Municipal election in Peterborough County, Ontario, Canada

Elections were held in Peterborough County, Ontario, on October 24, 2022, in conjunction with municipal elections across the province.

==Peterborough County Council==
Peterborough County Council consists of the mayors and deputy mayors from each of the county's constituent municipalities.

| Position | Elected |
|---|---|
| Asphodel-Norwood Mayor | Patrick Wilford |
| Asphodel-Norwood Deputy Mayor | Lori Burtt (acclaimed) |
| Cavan Monaghan Mayor | Matthew Graham |
| Cavan Monaghan Deputy Mayor | Ryan Huntley |
| Douro-Dummer Mayor | Heather Watson |
| Douro-Dummer Deputy Mayor | Harold Nelson |
| Havelock-Belmont-Methuen Mayor | Jim Martin |
| Havelock-Belmont-Methuen Deputy Mayor | Hart Webb (acclaimed) |
| North Kawartha Mayor | Carolyn Amyotte (acclaimed) |
| North Kawartha Deputy Mayor | Jim Whelan (acclaimed) |
| Otonabee-South Monaghan Mayor | Joe Taylor (acclaimed) |
| Otonabee-South Monaghan Deputy Mayor | Bonnie Clark (acclaimed) |
| Selwyn Mayor | Sherry Senis (acclaimed) |
| Selwyn Deputy Mayor | Ron Black (acclaimed) |
| Trent Lakes Mayor | Terry Lambshead |
| Trent Lakes Deputy Mayor | Carol A. Armstrong |

==Asphodel-Norwood==
The following were the results for mayor and deputy mayor of Asphodel-Norwood.

===Mayor===

| Mayoral Candidate | Vote | % |
|---|---|---|
| Patrick Wilford | 813 | 51.36 |
| Rodger Bonneau (X) | 699 | 44.16 |
| Gregory Bloom | 71 | 4.49 |

===Deputy mayor===

| Deputy mayoral candidate | Vote | % |
|---|---|---|
| Lori Burtt (X) | Acclaimed |  |

==Cavan Monaghan==
The following were the results for mayor and deputy mayor of Cavan Monaghan.

===Mayor===
Incumbent mayor Scott McFadden did for re-election. Running to replace him was deputy mayor Matthew Graham and former Peterborough mayor Daryl Bennett.

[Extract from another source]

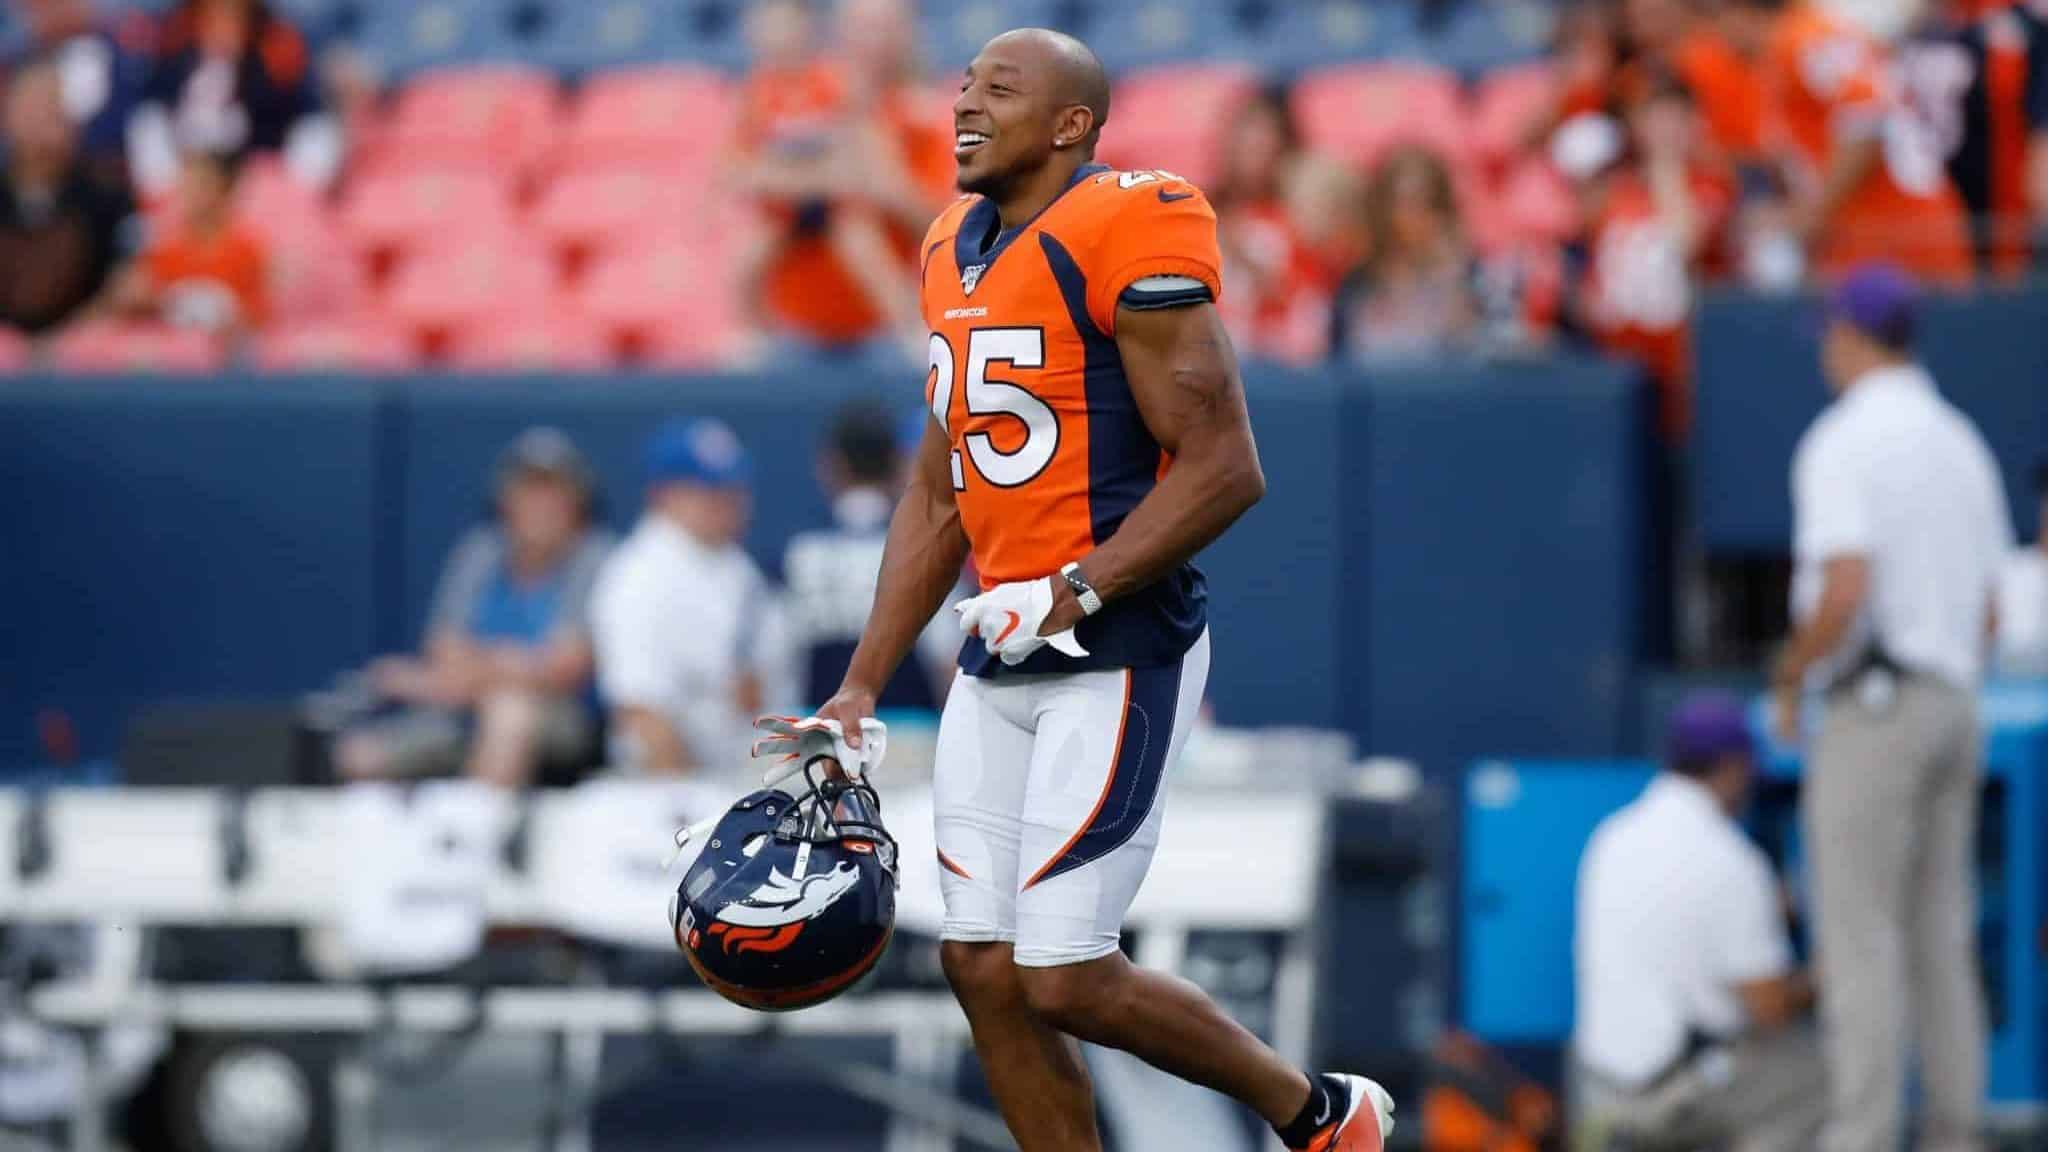 DENVER, CO - AUGUST 29: Cornerback Chris Harris #25 of the Denver Broncos runs on the field before a preseason game against the Arizona Cardinals at Broncos Stadium at Mile High on August 29, 2019 in Denver, Colorado.
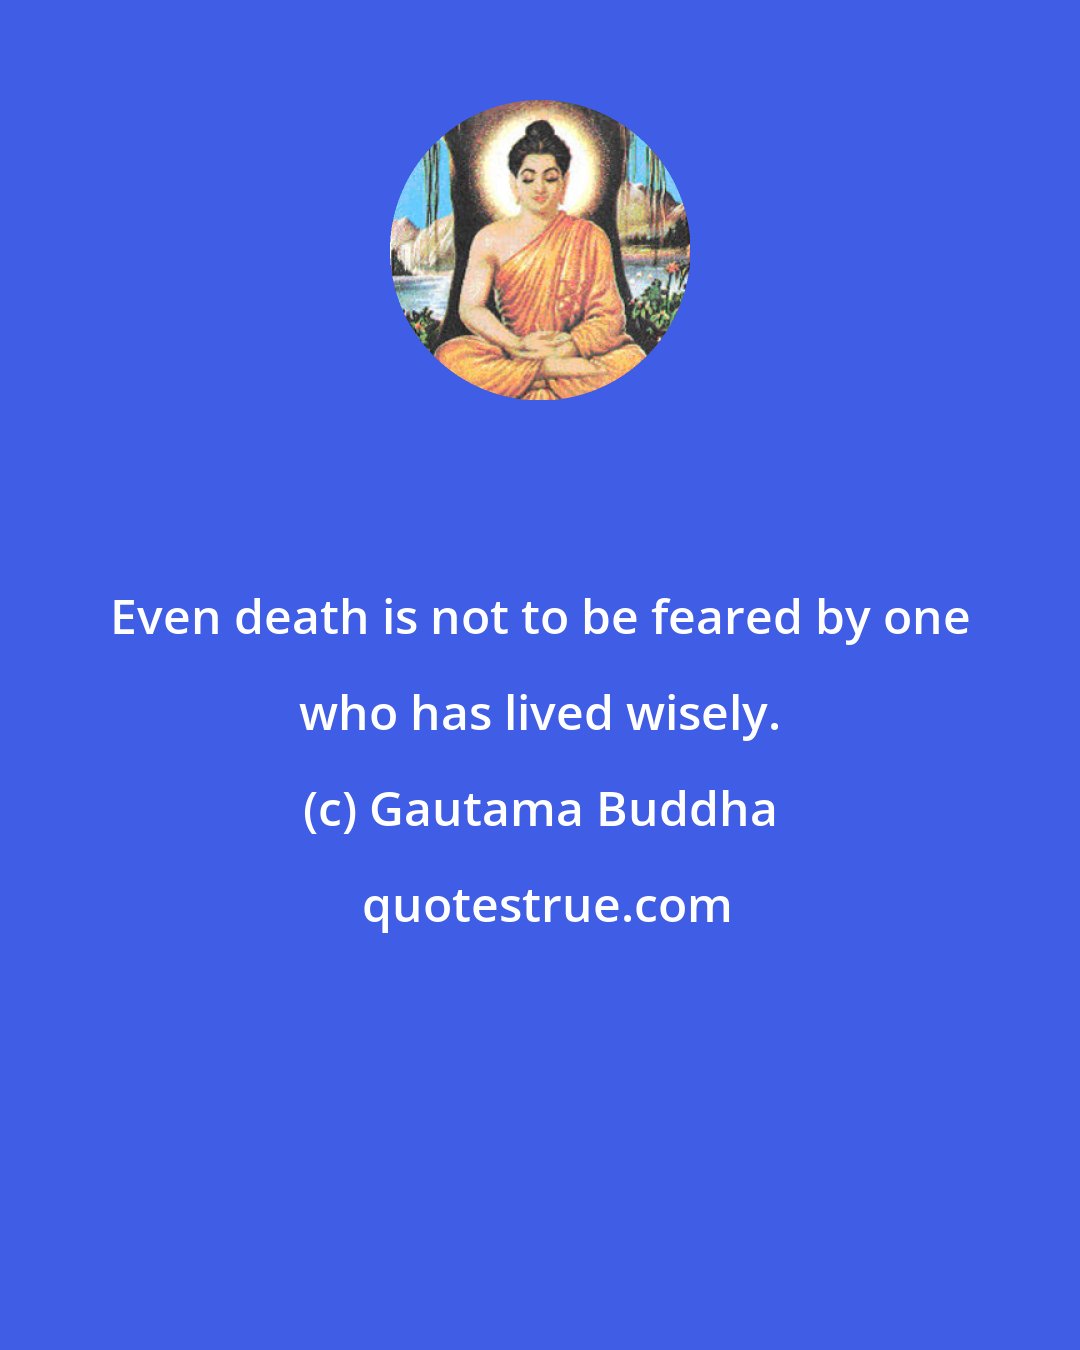 Gautama Buddha: Even death is not to be feared by one who has lived wisely.

| Mayoral Candidate | Vote | % |
|---|---|---|
| Matthew Graham | 2,120 | 60.24 |
| Daryl Bennett | 1,399 | 39.76 |

===Deputy mayor===

| Deputy mayoral candidate | Vote | % |
|---|---|---|
| Ryan Huntley | 2,001 | 57.42 |
| Dean Del Mastro | 1,484 | 42.58 |

==Douro-Dummer==
The following were the results for mayor and deputy mayor of Douro-Dummer.

===Mayor===
Douro Ward councillor Heather Watson ran against businessman Jim Coyle.

| Mayoral Candidate | Vote | % |
|---|---|---|
| Heather Watson | 1,501 | 57.18 |
| Jim Coyle | 1,124 | 42.82 |

===Deputy mayor===

| Deputy mayoral candidate | Vote | % |
|---|---|---|
| Harold Nelson | 1,499 | 59.74 |
| Marc Trudeau | 1,010 | 40.26 |

==Havelock-Belmont-Methuen==
The following were the results for mayor and deputy mayor of Havelock-Belmont-Methuen.

===Mayor===
Incumbent mayor Jim Martin was challenged by former firefighter Rolf Joss.

| Mayoral Candidate | Vote | % |
|---|---|---|
| Jim Martin (X) | 1,640 | 76.85 |
| Rolf Joss | 494 | 23.15 |

===Deputy mayor===

| Deputy mayoral candidate | Vote | % |
|---|---|---|
| Hart Webb | Acclaimed |  |

==North Kawartha==
The following candidates are running for mayor and deputy mayor of North Kawartha.

===Mayor===

| Mayoral Candidate | Vote | % |
|---|---|---|
| Carolyn Amyotte (X) | Acclaimed |  |

===Deputy mayor===

| Deputy mayoral candidate | Vote | % |
|---|---|---|
| Jim Whelan (X) | Acclaimed |  |

==Otonabee-South Monaghan==
Incumbent mayor Joe Taylor and deputy mayor Bonnie Clark have been re-elected by acclamation.

===Mayor===

| Mayoral Candidate | Vote | % |
|---|---|---|
| Joe Taylor (X) | Acclaimed |  |

===Deputy mayor===

| Deputy mayoral candidate | Vote | % |
|---|---|---|
| Bonnie Clark (X) | Acclaimed |  |

==Selwyn==
The following candidates are running for mayor and deputy mayor of Selwyn.

===Mayor===
Mayor Andy Mitchell has announced he will not be running for re-election. Only deputy mayor Sherry Senis has announced they will be running for mayor so far.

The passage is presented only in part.